1.1.0 release highlights

New and notable changes in version 1.1.0 of Elastic Cloud on Kubernetes. Check Elastic Cloud on Kubernetes version 1.1.0 for the full list of changes.

Establishing uni-directional connections from ECK-managed Elasticsearch clusters to other Elasticsearch clusters for cross-cluster replication and cross-cluster search purposes is now easy to achieve through a few additions to the YAML manifest. This feature is available for all managed clusters running a supported version of Elasticsearch with an Enterprise or Enterprise trial licence.

File realm users and roles are now configurable using Kubernetes secrets. This enables consistent and auditable user management practices and GitOps use cases.

Validation has been extended to more ECK resource types to catch invalid configurations during admission. Enabling the validating webhook will extend the capabilities of ECK to catch most common configuration issues during update operations as well.

Access control policies can be enforced on cross-namespace Elasticsearch associations created by Kibana and APM Server instances. This feature is disabled by default to avoid breaking existing deployments. Check Restrict cross-namespace resource associations for more information.

ECK resources have the correct discovery hints added by default to facilitate Filebeat discovery.

The default container registry used by the operator can be configured to ease deployments in air-gapped environments. When the container registry is correctly configured, users no longer need to specify the container image field in their manifests.

The concept of global and namespace operator roles no longer exists, and as such, the --operator-roles flag has been removed. Instead, you can configure the operator to manage a pre-defined set of namespaces by passing a comma-separated list of namespaces to the --namespaces flag (default behaviour is to manage all namespaces). Instead of the webhook role, use the dedicated --enable-webhook flag to manage the webhook. Check Configure ECK for more information about operator configuration flags.

Container ports of managed resources are now named according to the protocol (https for TLS enabled ports and http for TLS disabled ports). Previously they were named http regardless of the protocol being used. If you have any configurations that refer to the container ports by name (Ingress configurations, for example), review those to ensure that they use the correct name. One option may be to temporarily change to targeting the port number (for example 9200 for Elasticsearch), rather than the name, before updating ECK. Once the container port is updated to the new name, you can change to targeting the port name again.
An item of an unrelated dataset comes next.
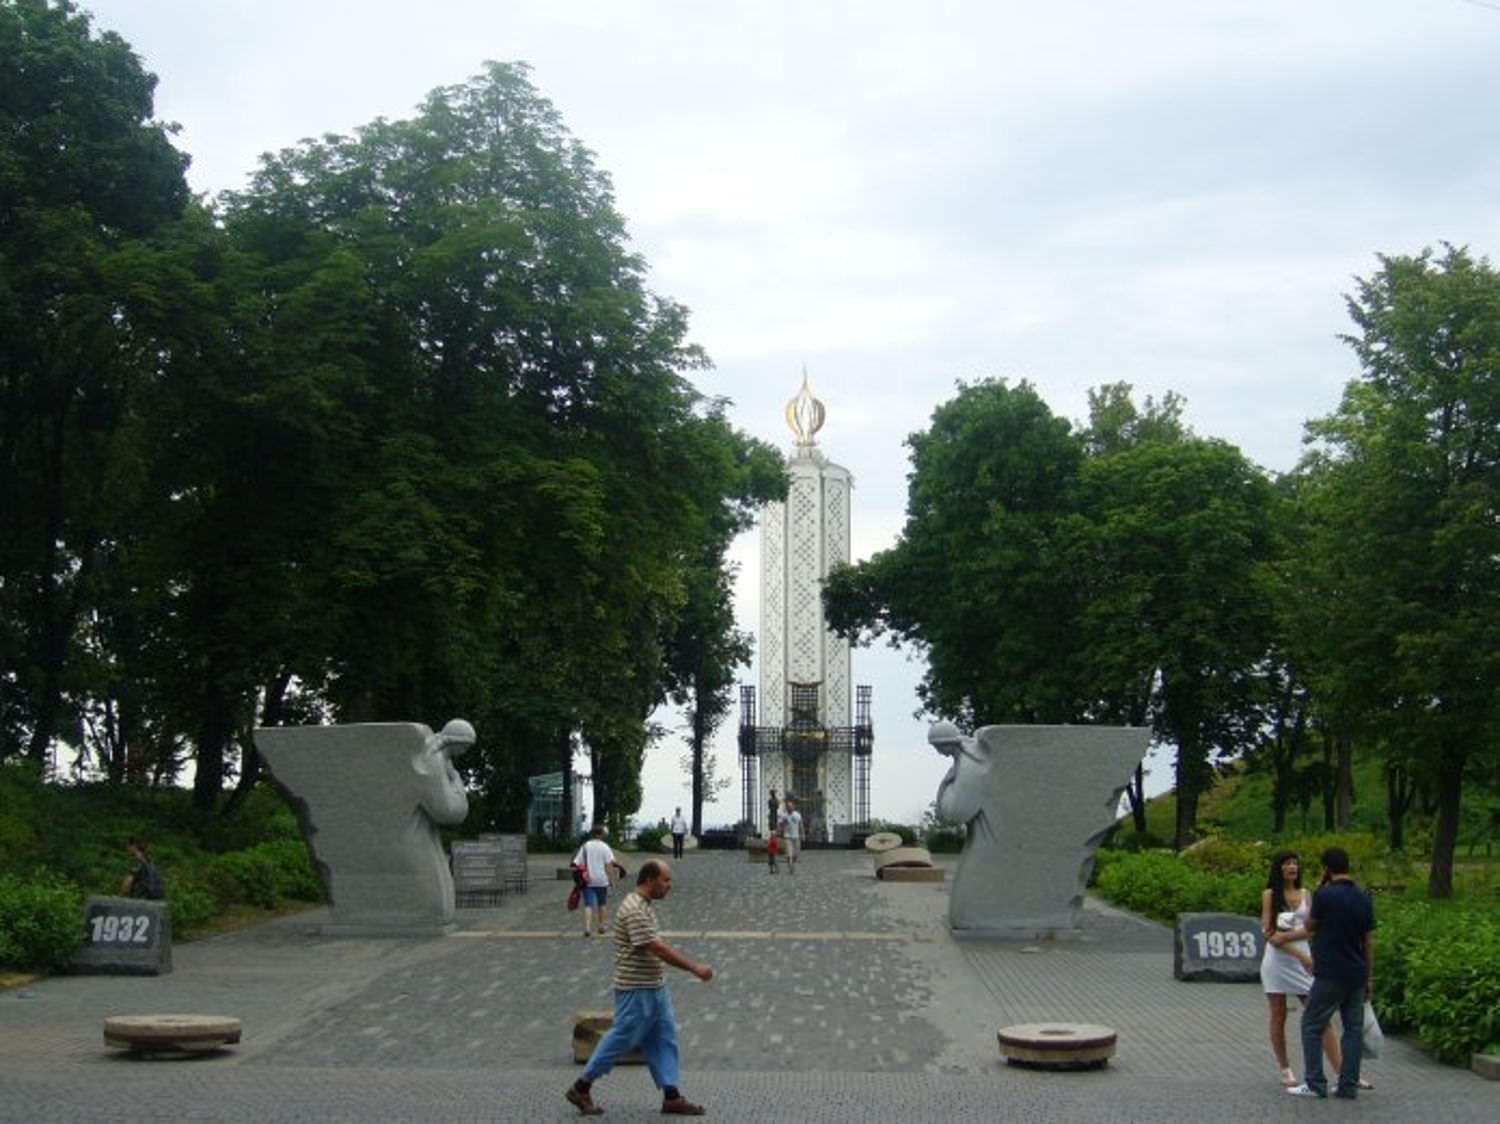 Мирный Киев летом 2010 года. Часть 4. Архитектура, достопримечательности и улицы.
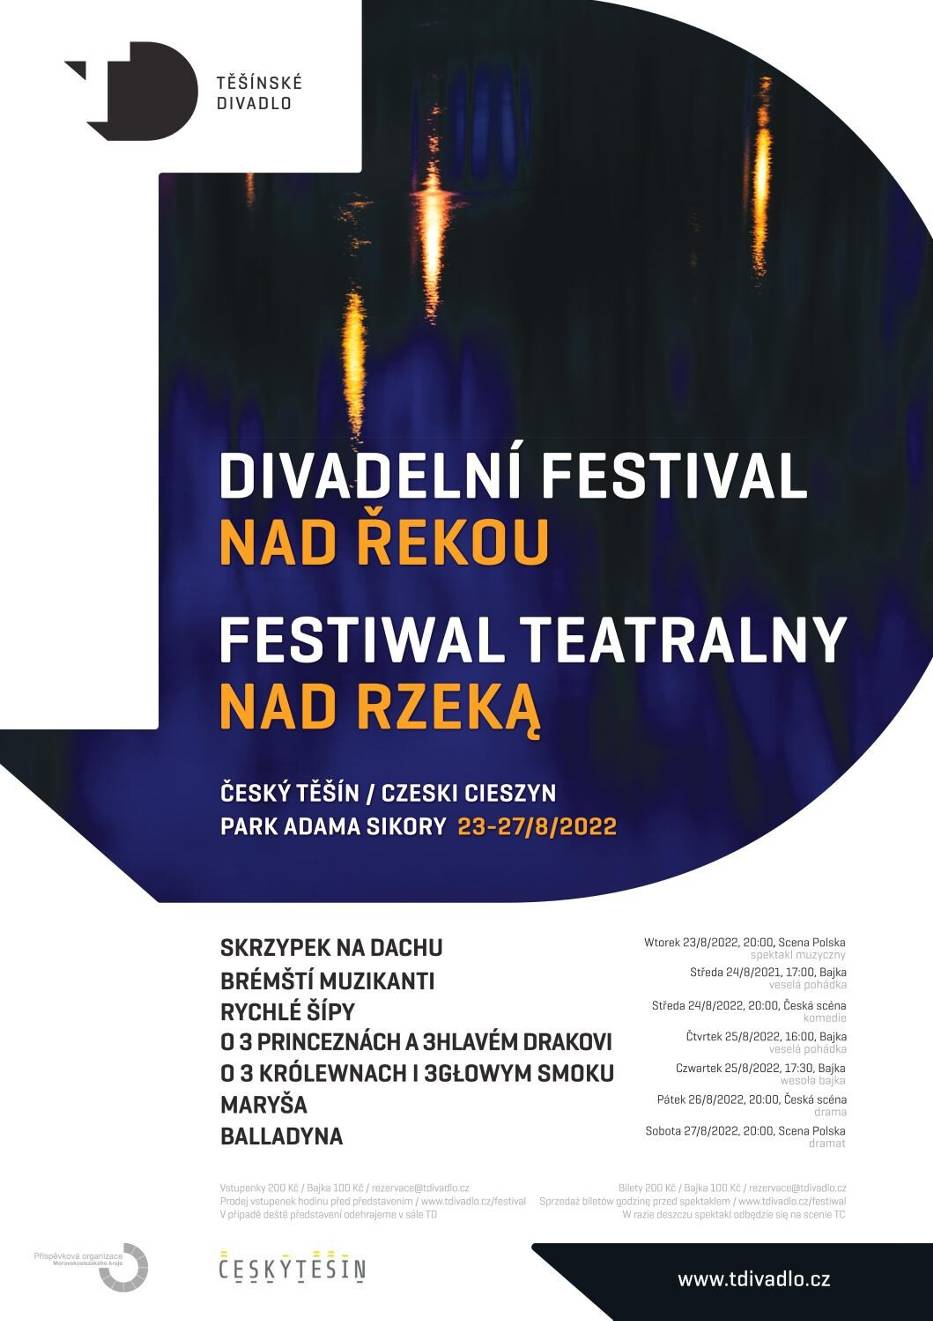 Festiwal Teatralny Nad Rzeką 2022 - program

Default readiness probes generated by the operator for Kibana and APM Server resources have changed from HTTP GET actions to exec actions. This is to accommodate environments where host-to-pod communication is restricted for security reasons. This change will affect ingress resources that are used to expose Kibana or APM Server, as some ingress controllers re-purpose the pod readiness probe as a health check. If you are unable to access Kibana or APM Server through the ingress after upgrading to ECK 1.1.0, override the readiness probe definitions as follows:

Kibana.

apiVersion: kibana.k8s.elastic.co/v1
kind: Kibana
metadata:
  name: quickstart
spec:
  version: 8.19.8
  count: 1
  elasticsearchRef:
    name: quickstart
  podTemplate:
    spec:
      containers:
        - name: kibana
          readinessProbe:
            httpGet:
              scheme: HTTPS
              path: "/login"
              port: 5601

APM Server.

apiVersion: apm.k8s.elastic.co/v1
kind: ApmServer
metadata:
  name: quickstart
spec:
  version: 8.19.8
  count: 1
  elasticsearchRef:
    name: quickstart
  podTemplate:
    spec:
      containers:
        - name: apm-server
          readinessProbe:
            httpGet:
              scheme: HTTPS
              path: "/"
              port: 8200

ECK versions prior to 1.1.0 generate Elasticsearch passwords using a weak random number generator. If an attacker is able to determine when an Elasticsearch cluster was deployed, they may be able to more easily brute force the Elasticsearch credentials generated by ECK. For existing clusters, we recommend users regenerate credentials following the steps detailed here. Resources created by ECK 1.1.0 do not require any action.